■ Collected data:
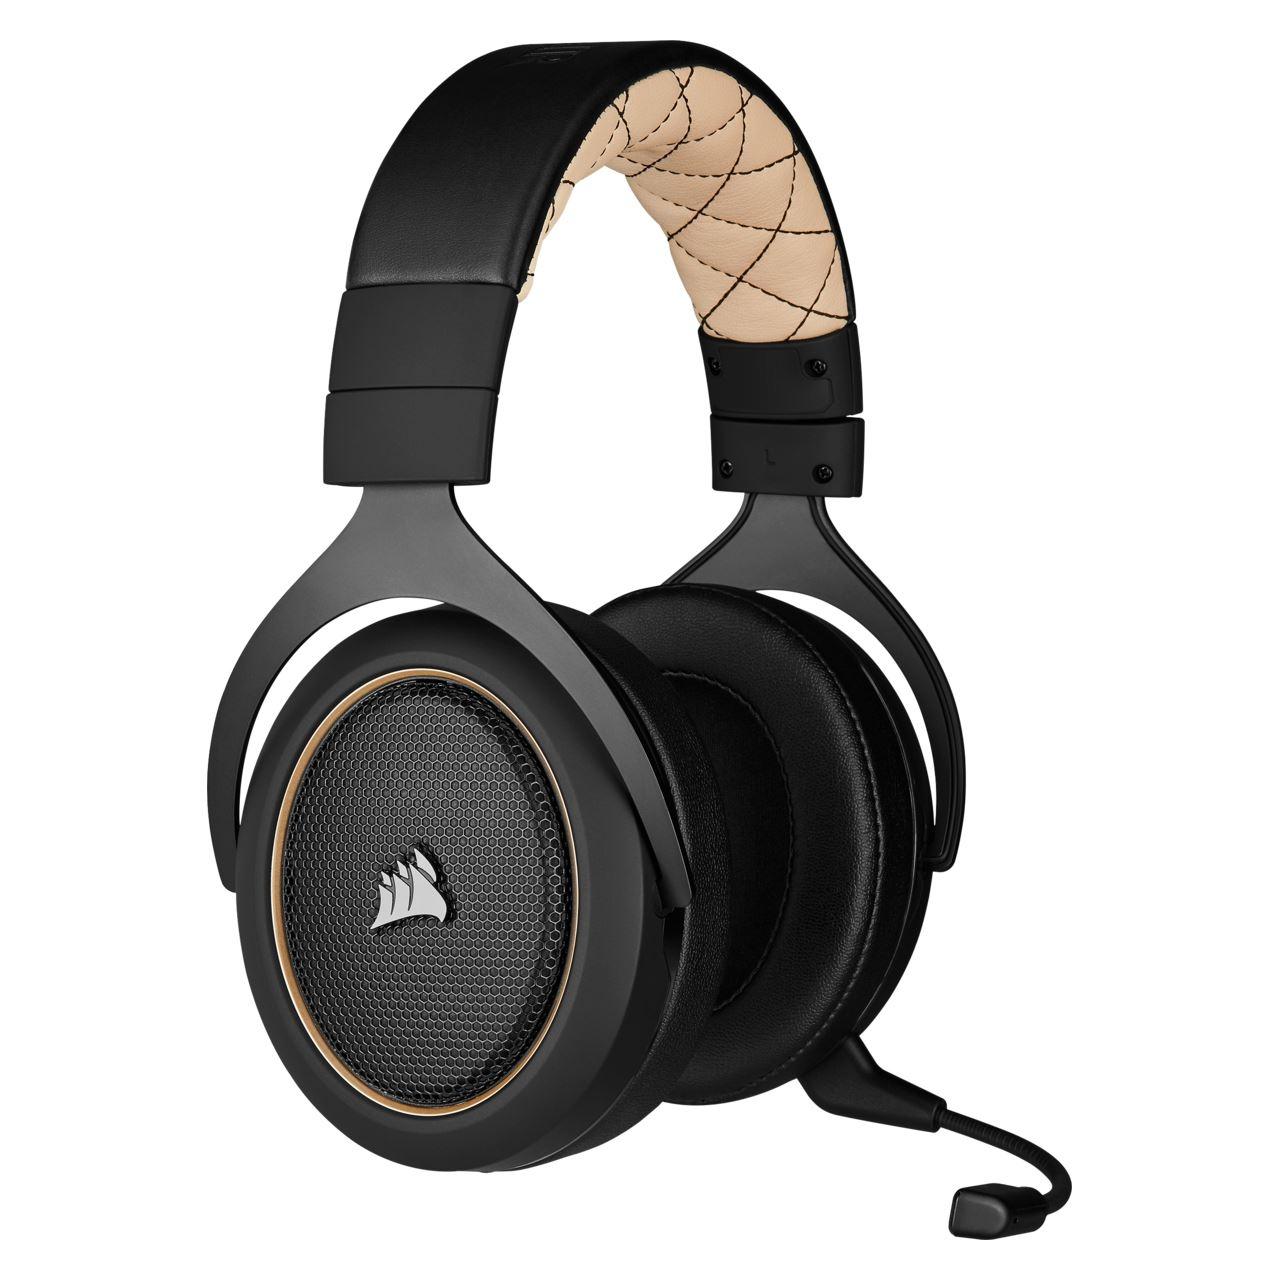 Corsair HS70 Pro Wireless Gaming Headset Schwarz Beige Sound Gaming
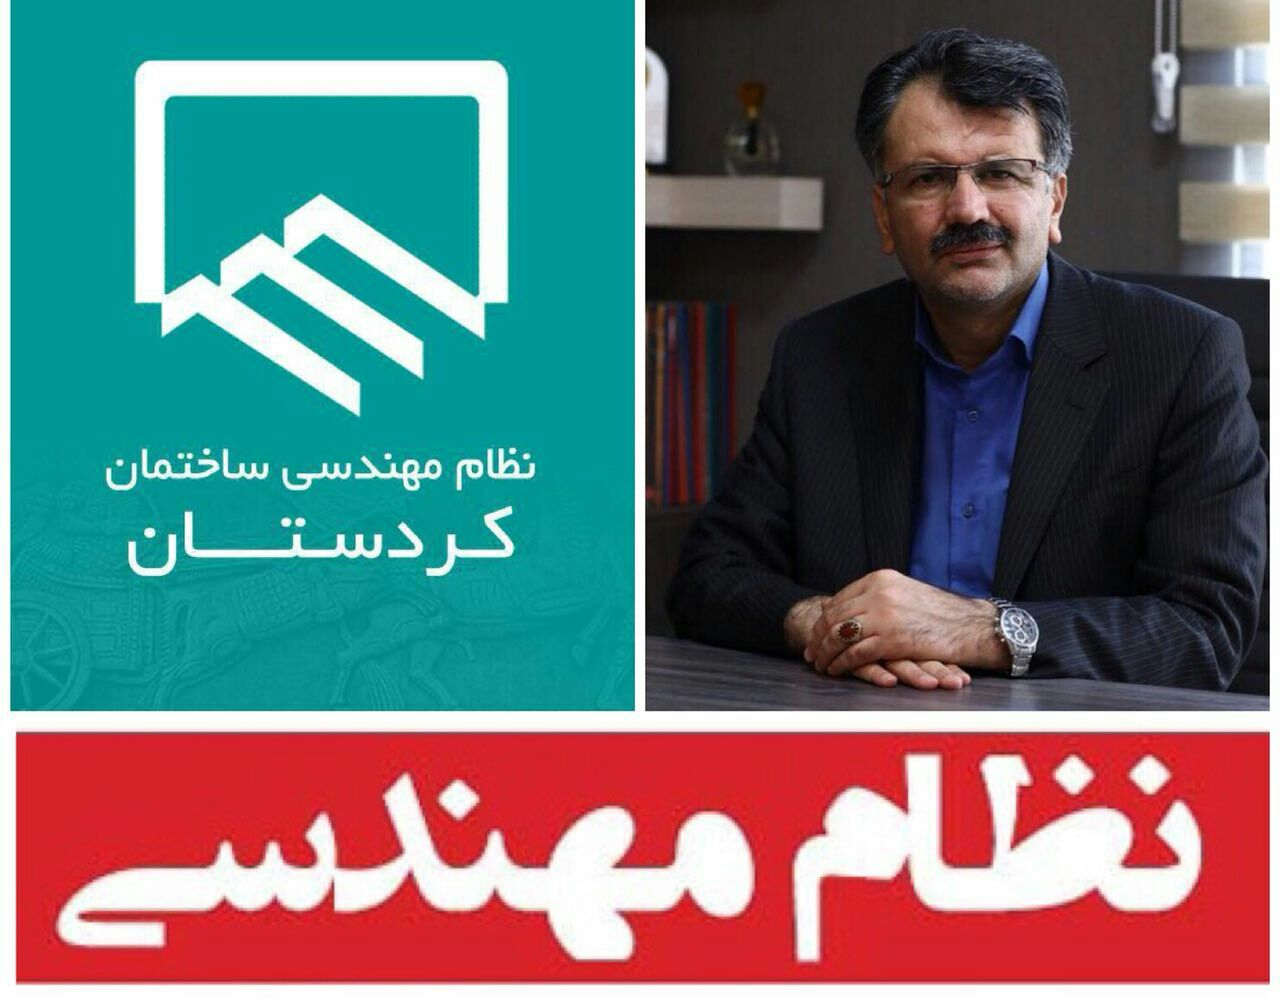 نهادهای نظارتی به موضوع نظام مهندسی استان کردستان ورود کنند
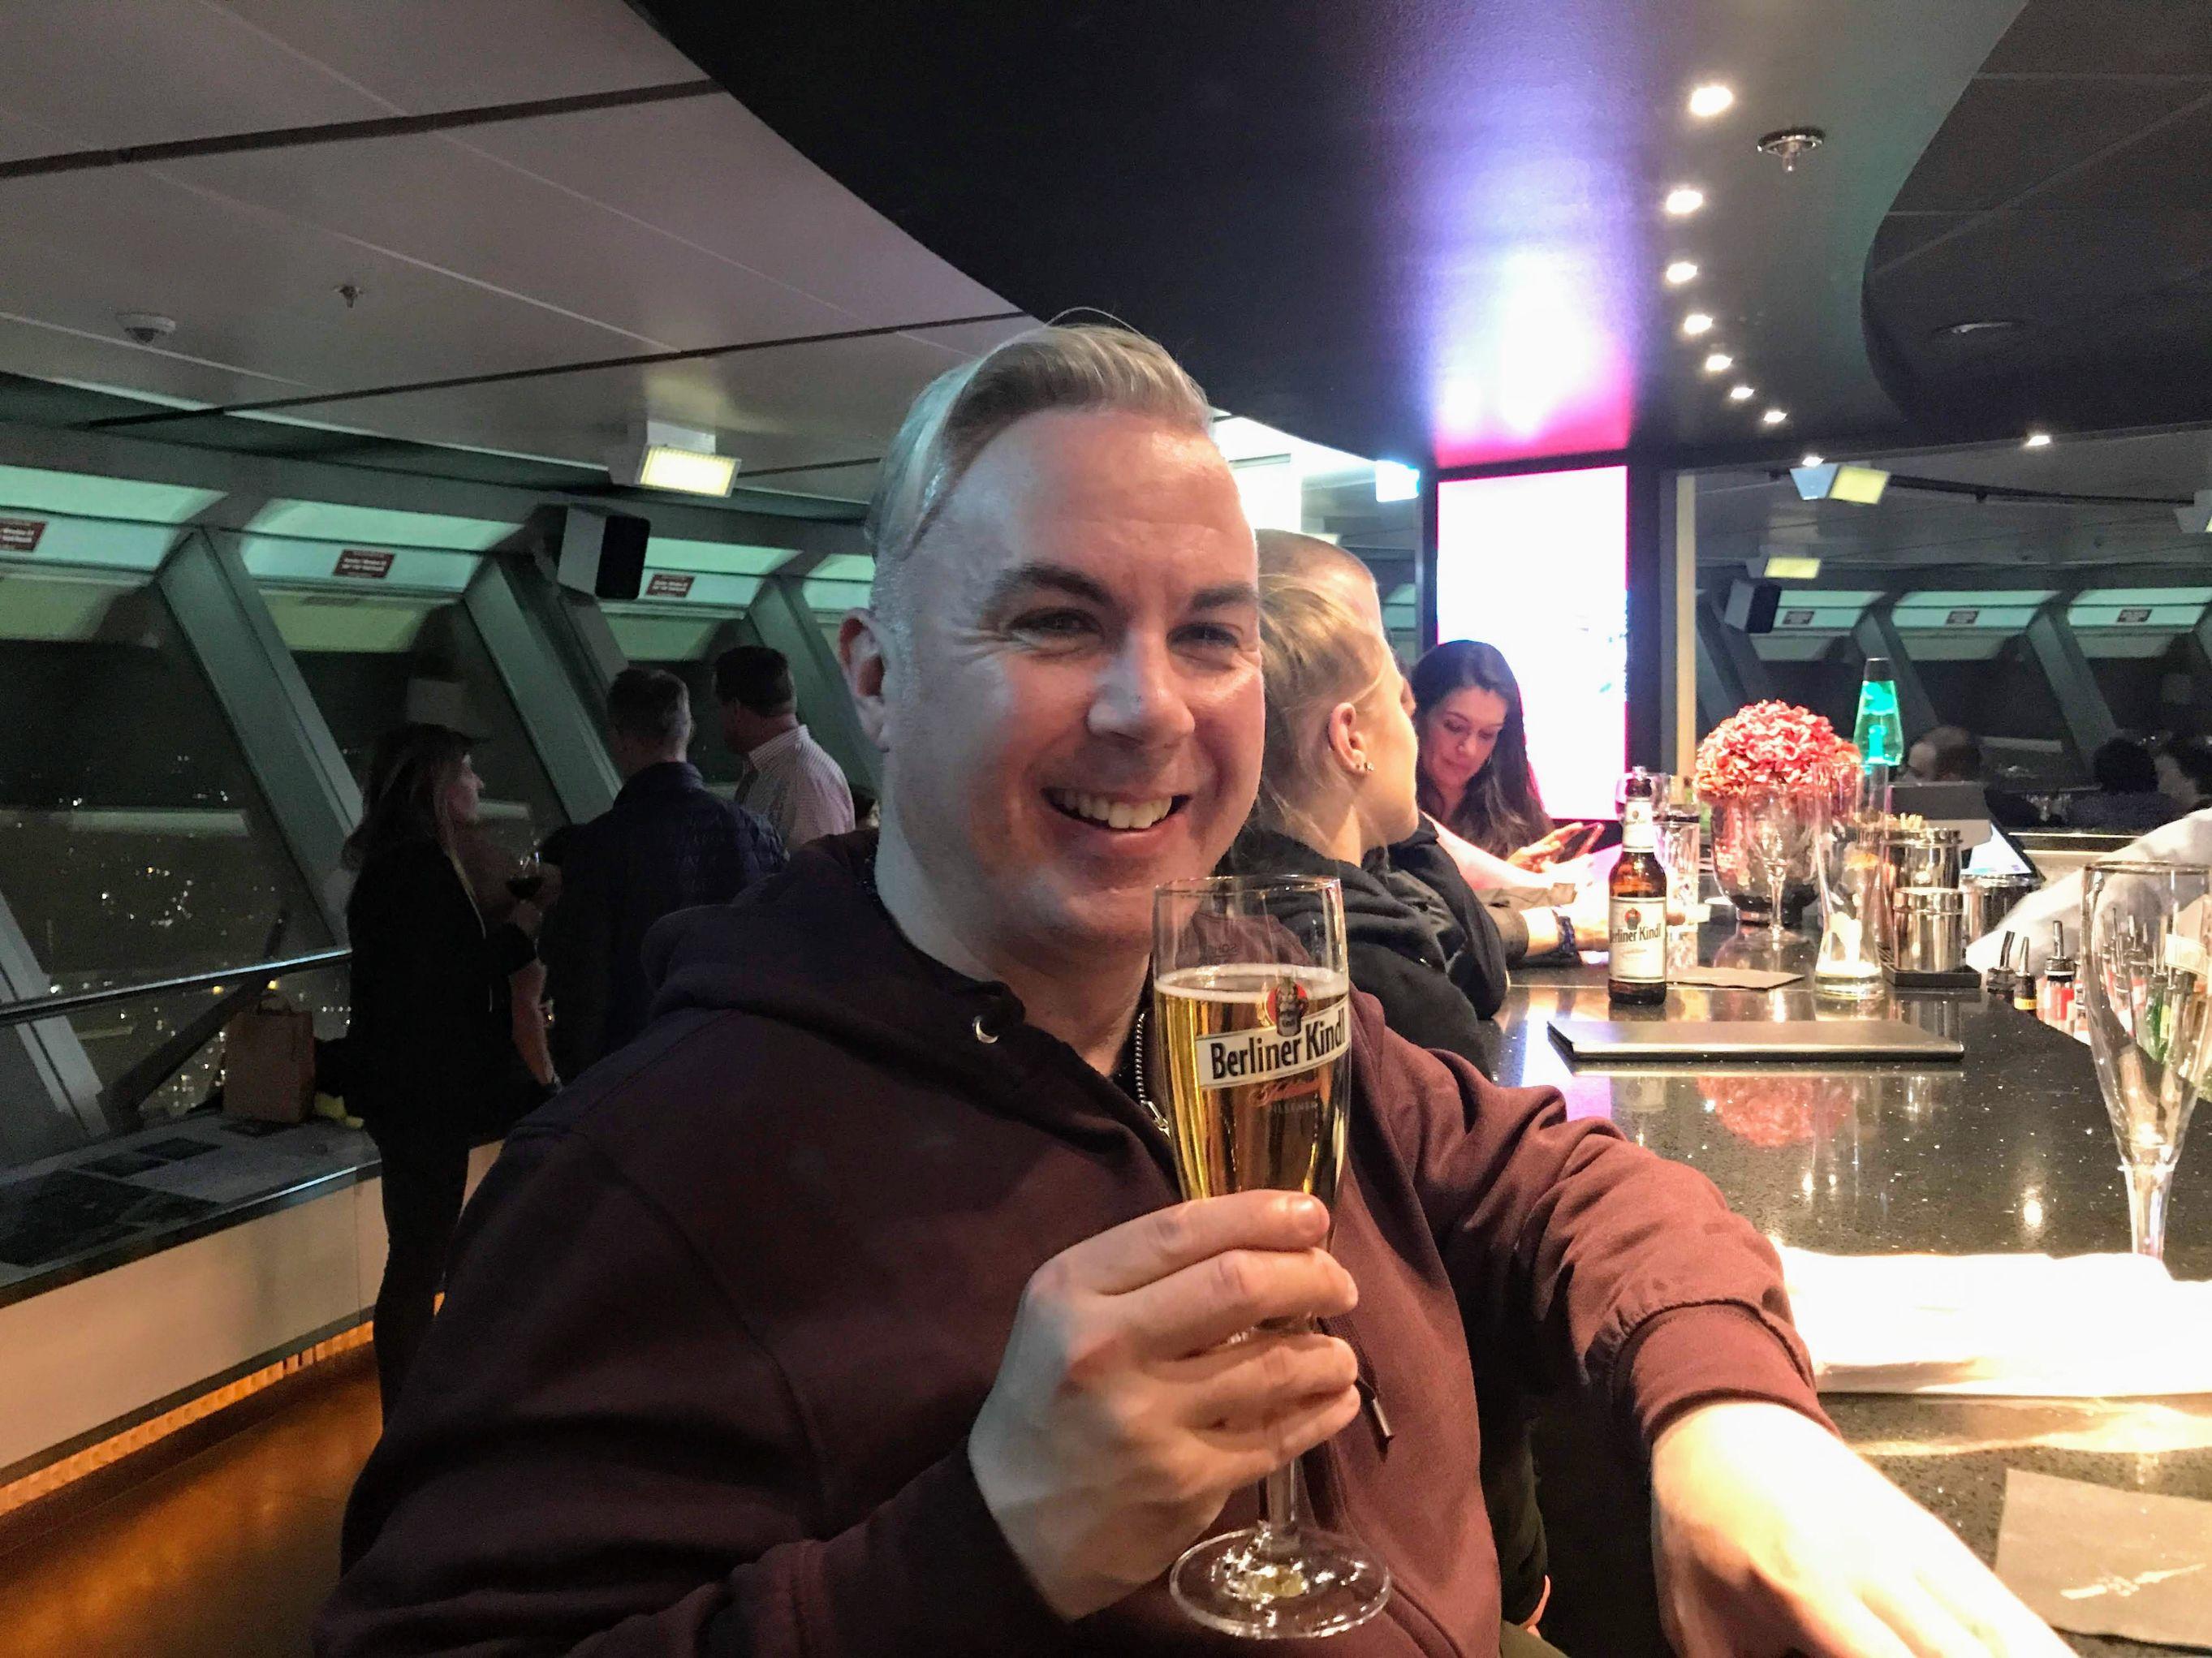 shane smyth drinking a beer at the berlin fernsehturm

■ Required work: All of the data is to be reproduced exactly, with the pictures left out.

■ Your solution:
 Corsair HS70 Pro Wireless Gaming Headset Schwarz Beige Sound Gaming
 نهادهای نظارتی به موضوع نظام مهندسی استان کردستان ورود کنند
 shane smyth drinking a beer at the berlin fernsehturm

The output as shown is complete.